Thank you, Doug, and good morning. Our guidance on net interest margins is based on numerous assumptions. I’d like to outline my thoughts, which you can then use to evaluate your investment perspective. I categorize this into three key areas. The first area involves our hedging and positioning for interest rate risk. We strive to maintain stability throughout the economic cycle, including during volatile periods, and have had some success in that regard. In most scenarios moving forward, the new hedge rates will likely exceed the rates of maturing hedges, and like other banks, we have strategies in place. I view this first area as a positive factor for us. The second area is related to our business mix. If you expect higher rates for a longer period or a shift towards GICs over mortgages, as well as potential changes in demand deposits, these customer choices will impact our margins, especially as rates increase. We anticipate that if rates remain steady, this will pose a mild challenge, but it’s not as significant as it once was. The third area concerns the competitive landscape. Competition within Canadian banking is consistently strong across all sectors we operate in, although it remains relatively stable. During times of slower asset and balance sheet growth across the industry, we experience increased competition. However, we don’t adopt a product-focused strategy; rather, we aim to balance margin and volume based on our target customer segments and shareholder interests. When I combine all these factors, I see a slight advantage from the first category, a moderate challenge from the second, and a neutral position from the third. Overall, I come to a flat outlook, but if pressed, I would lean slightly positive due to the potential benefits in the first area. This thought process applies when analyzing Canadian Personal and Commercial Banking, and further down to Commercial Banking and Wealth. The guidance I provided doesn’t account for the impact of benchmark reform, which is set to remain relevant for another quarter or two. We’ll strive to be as clear as possible in explaining what’s happening to our core margins moving forward.

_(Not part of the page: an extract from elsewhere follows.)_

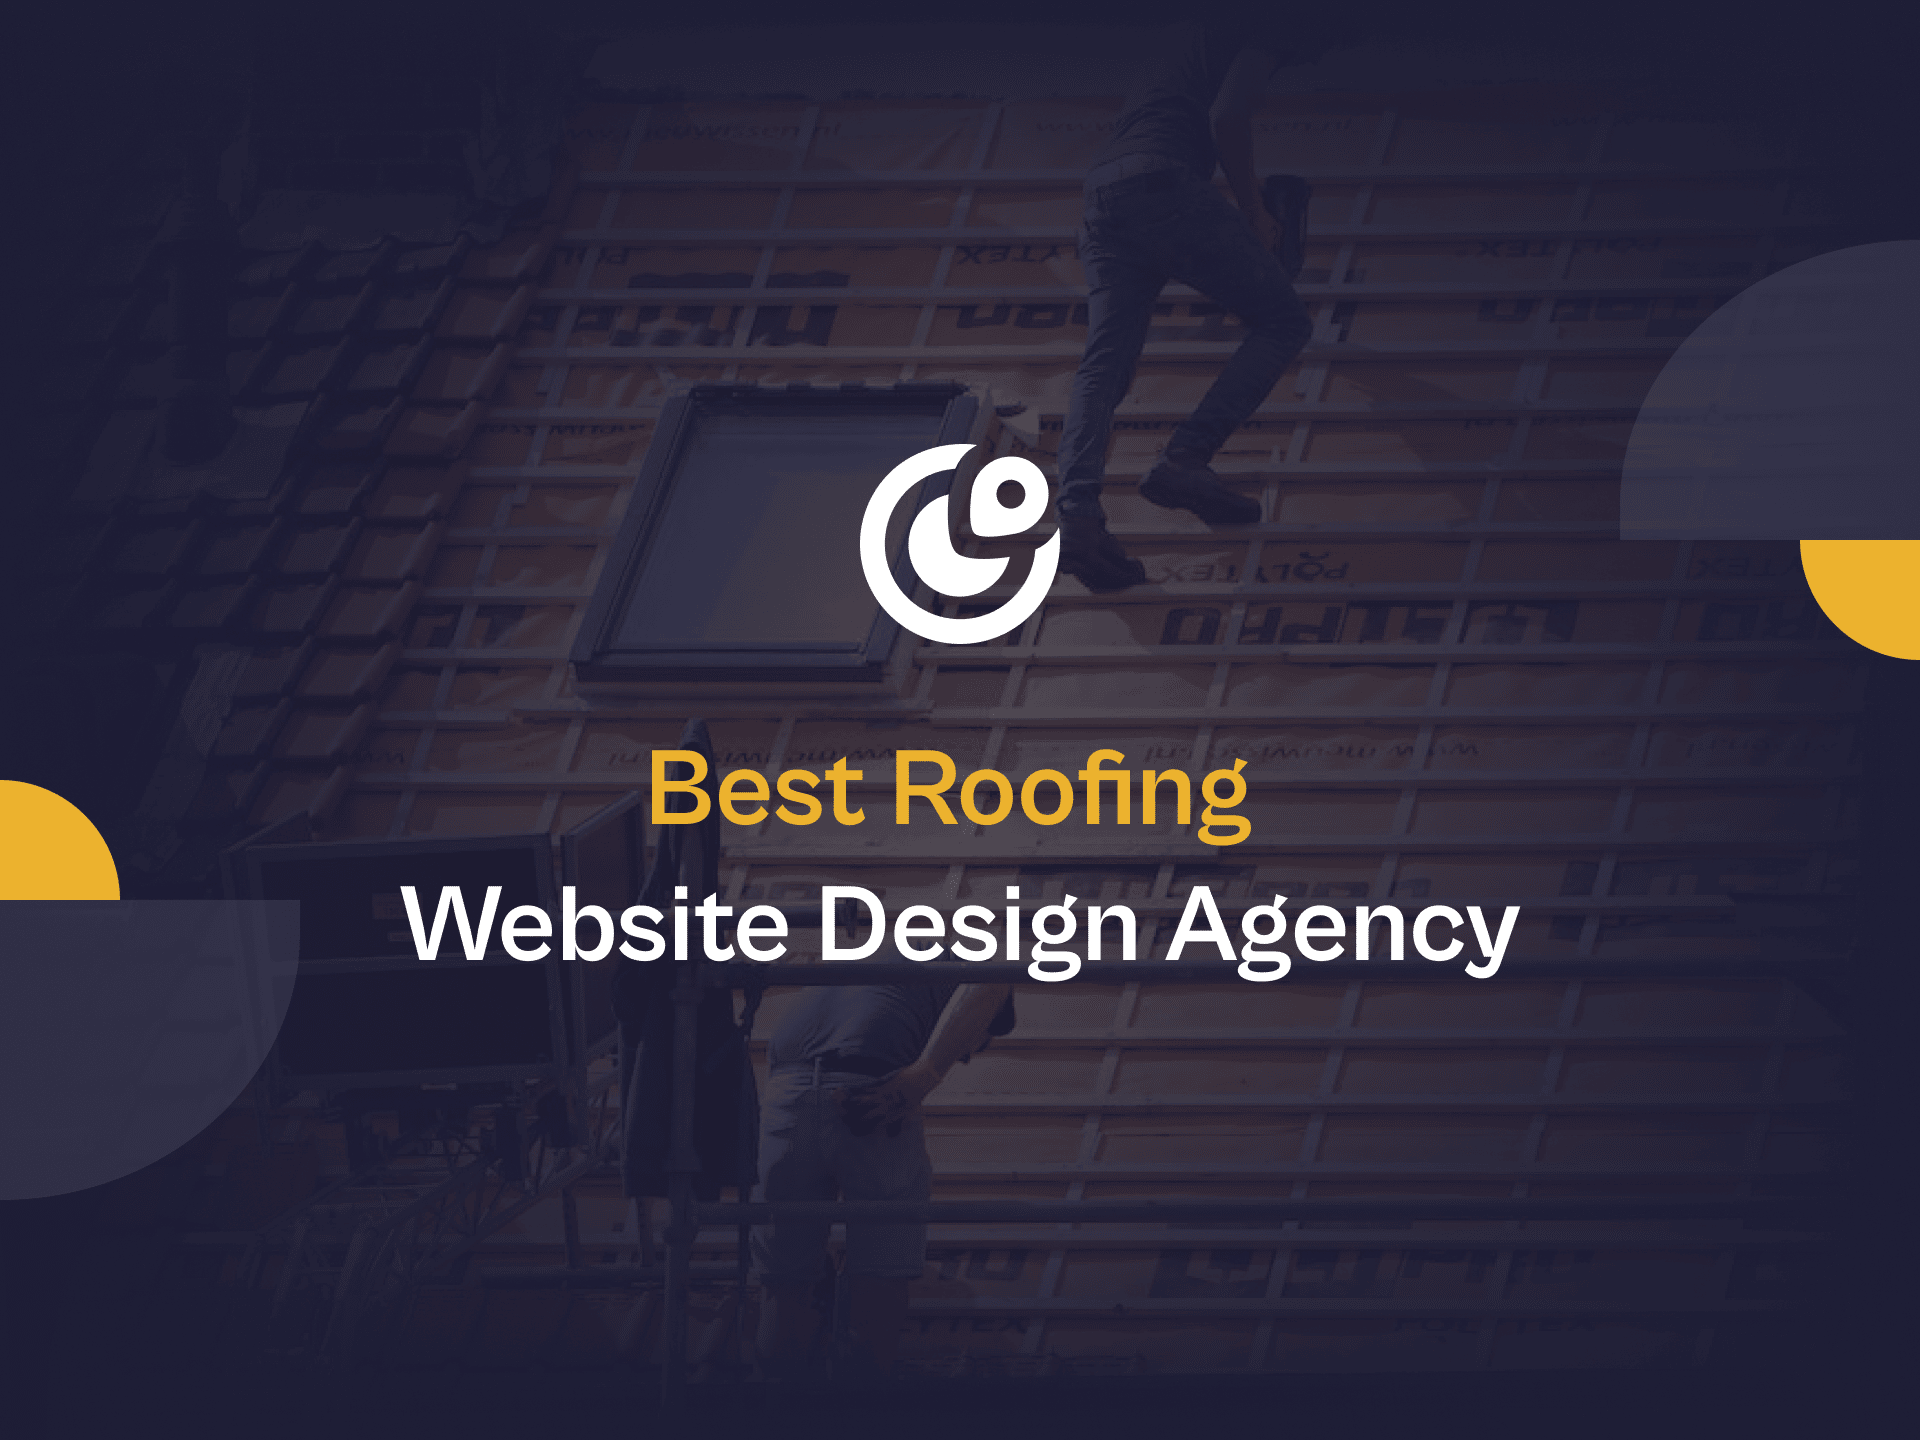 Best roofing website design agency

So let me consider this; the hedging is managed at the corporate level, which is a positive aspect. As for the Canadian Commercial side, is that a standard level of margin we should expect moving forward? Is there anything out of the ordinary that I need to take into account?
I would clarify slightly: the hedging doesn't come through the corporate. The hedging, the factoring strategy has the benefit that gets fed into the businesses over time. What you're seeing in corporate is largely the normalization of some of the treasury volatility that you otherwise would see when rates are spiking. We do try to insulate the business and the customer-facing businesses from some of that volatility because we want them focused on serving the client and growing the business the right way and they need stability to do that. The Commercial Banking margin, yes, that’s around these levels; we are assuming from here, a number of moving parts really and it's a bit of a noisy quarter on the Commercial Banking margin. All the things that have effectuated are generally stabilizing and so we would suggest more stability from here in that margin.

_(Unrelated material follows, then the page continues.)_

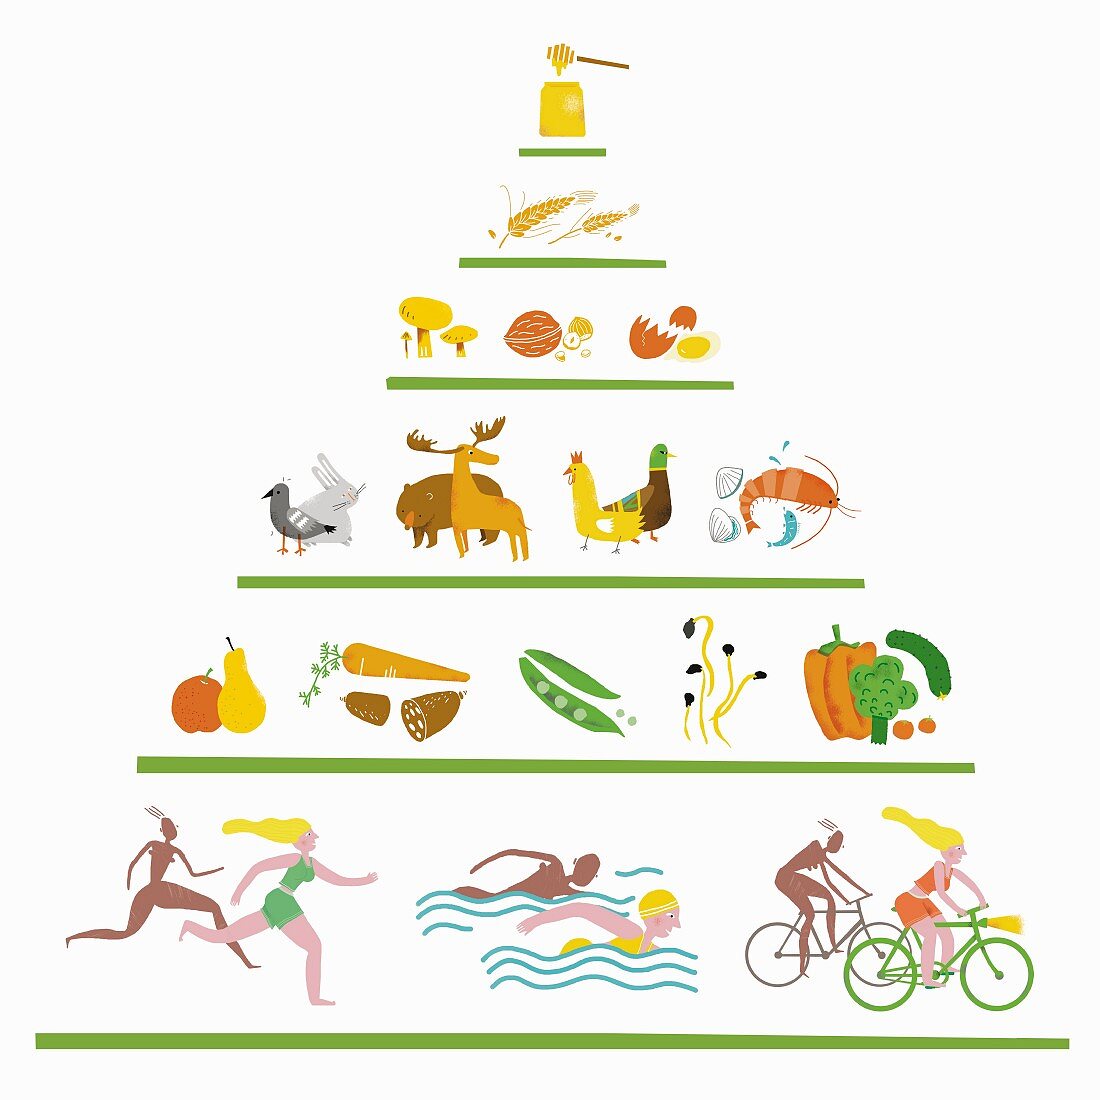 A Paleo nutrition pyramid

Appreciate the color. Thank you.
Thank you. A following question is from Ebrahim Poonawala from Bank of America. Please go ahead.
Hey, good morning. I just had a question, maybe a multi-part question on the outlook for CET1 capital build from the 13.1%. If you could just respond maybe, Frank, Rob, and maybe even Victor around how we should think about RWA migration from your balance sheet growth. Balance sheet has been shrinking about balance sheet growth. And then finally how should we think about inorganic deployment—is it too early for buybacks? When we think about the strategy of impact, maybe open to US M&A. So thank you.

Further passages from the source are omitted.